Requirements for the contents of a file system directory
The following information should be displayed in the file system directory:
- the name of the file system;
- name and address of the data processor and authorised person, place of storage or(s) processing of the data;
- the legal basis for data processing;
- Data subject category;
- the category of data in the file system;
- data processing purposes;
- data retention period;
- the fact and grounds for the restriction of the data subject's rights;
- Recipients of data placed in the file system and their categories;
- information on the transfer of data to other states and international organisations and the legal basis for such transfers;
- a general description of the procedure established to protect data security.

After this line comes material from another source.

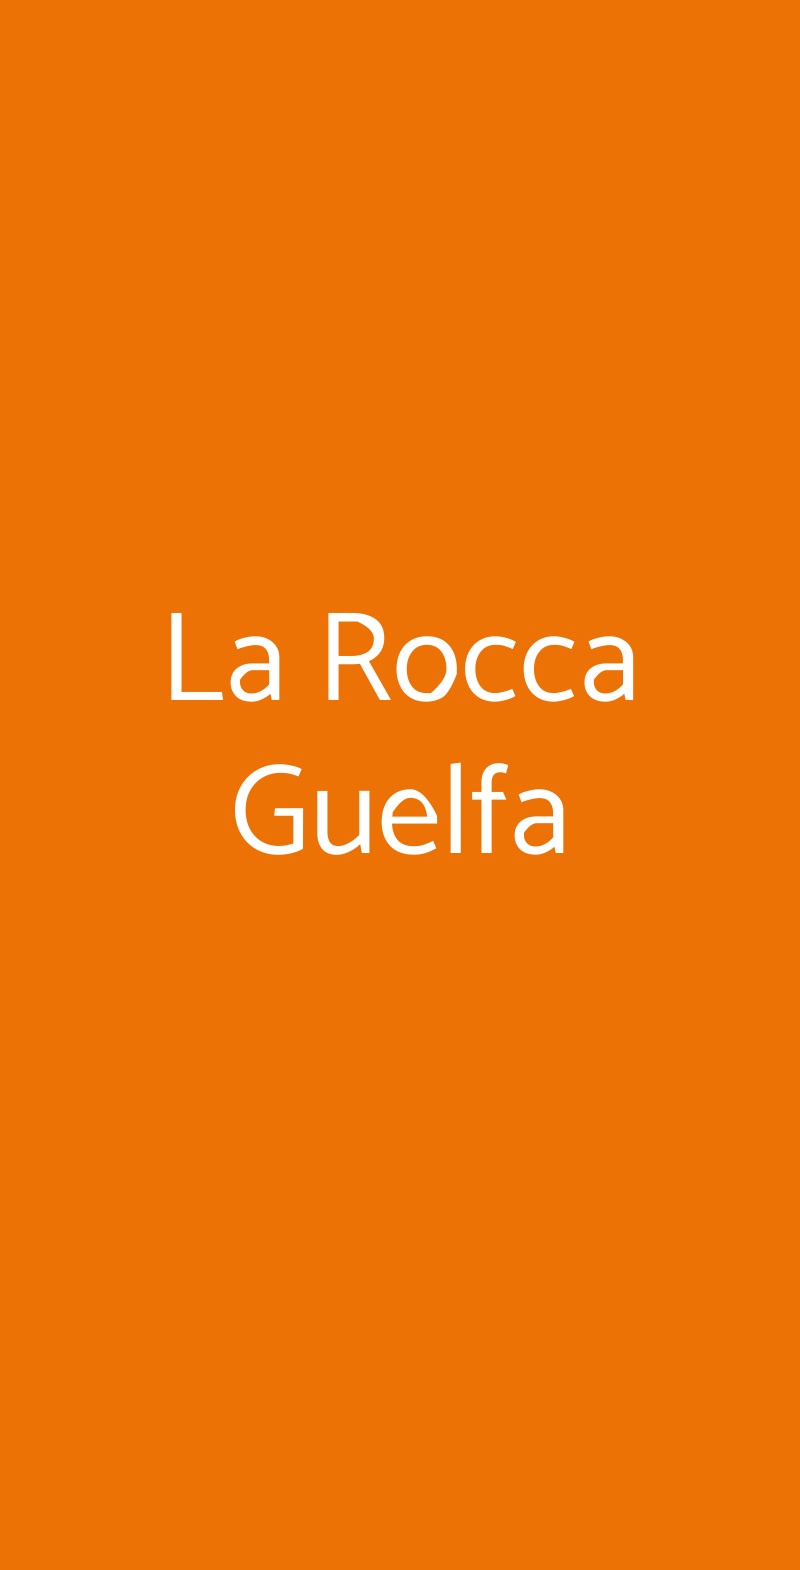 La Rocca Guelfa Castel Guelfo di Bologna menù 1 pagina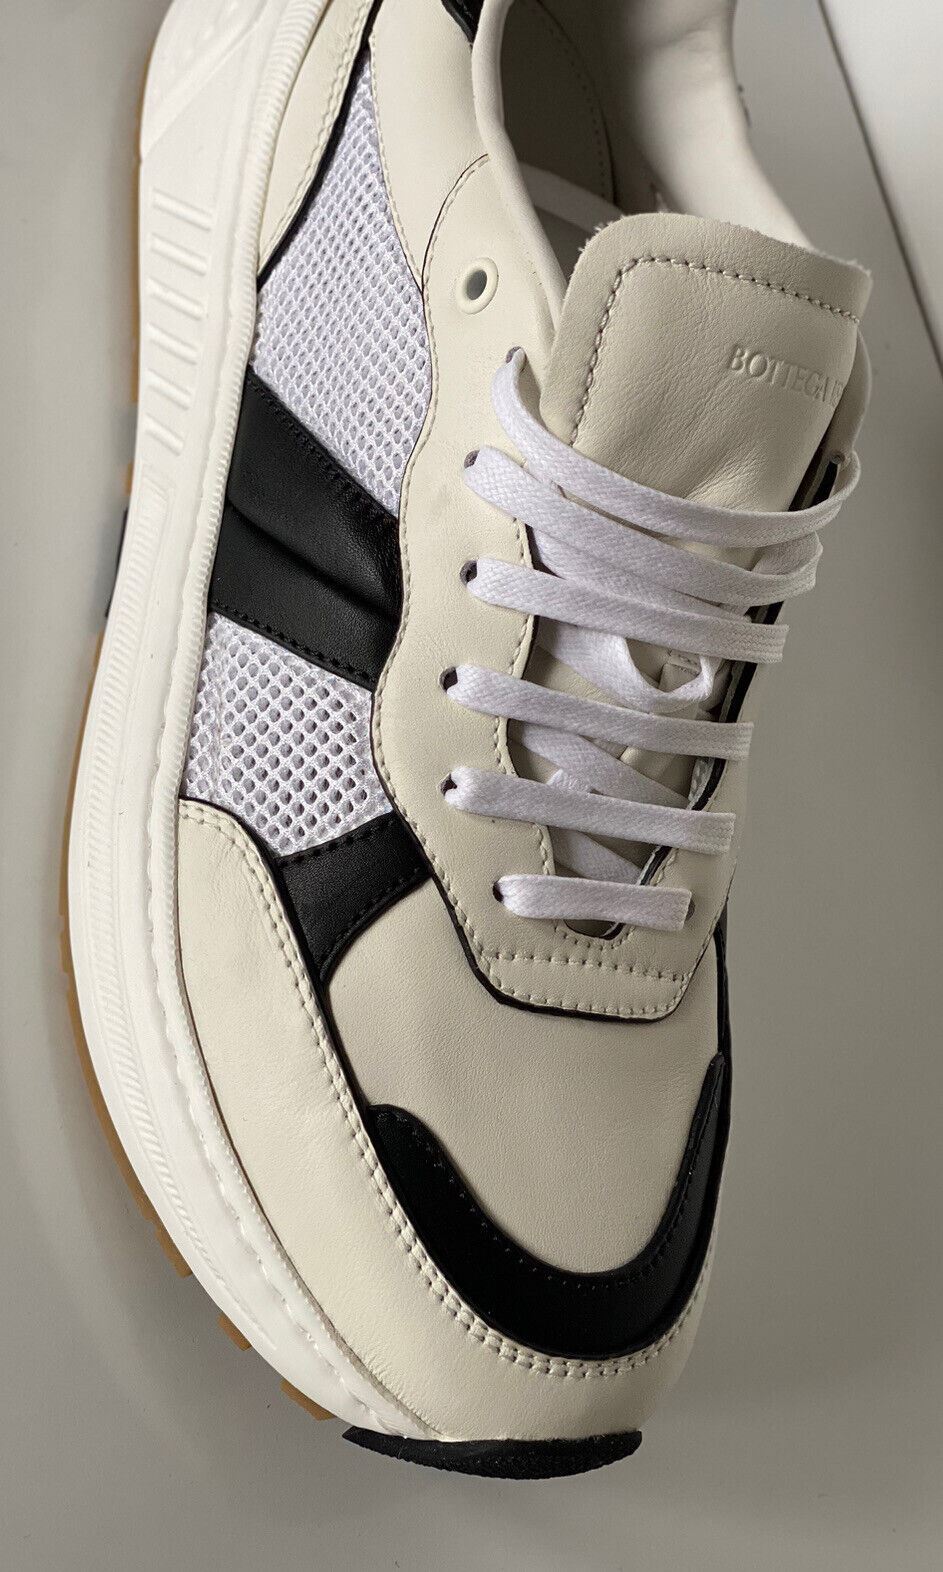 NIB $790 Bottega Veneta Men's Leather & Mesh Sneakers White/Black 10 US 565646

Before creating a file system and entering a new category of data into it, the data processor must communicate the above information in writing or electronically to the personal data protection inspector, who in turn maintains a file system catalogue register.
The said register is publicly available at https://catalog.pdp.ge/.
The data processor is also required to notify the inspector of a change to the file system directory no later than 30 days after the change has taken place.
Dear journalists, use of material from the REVERA website in publications is only possible with our written permission.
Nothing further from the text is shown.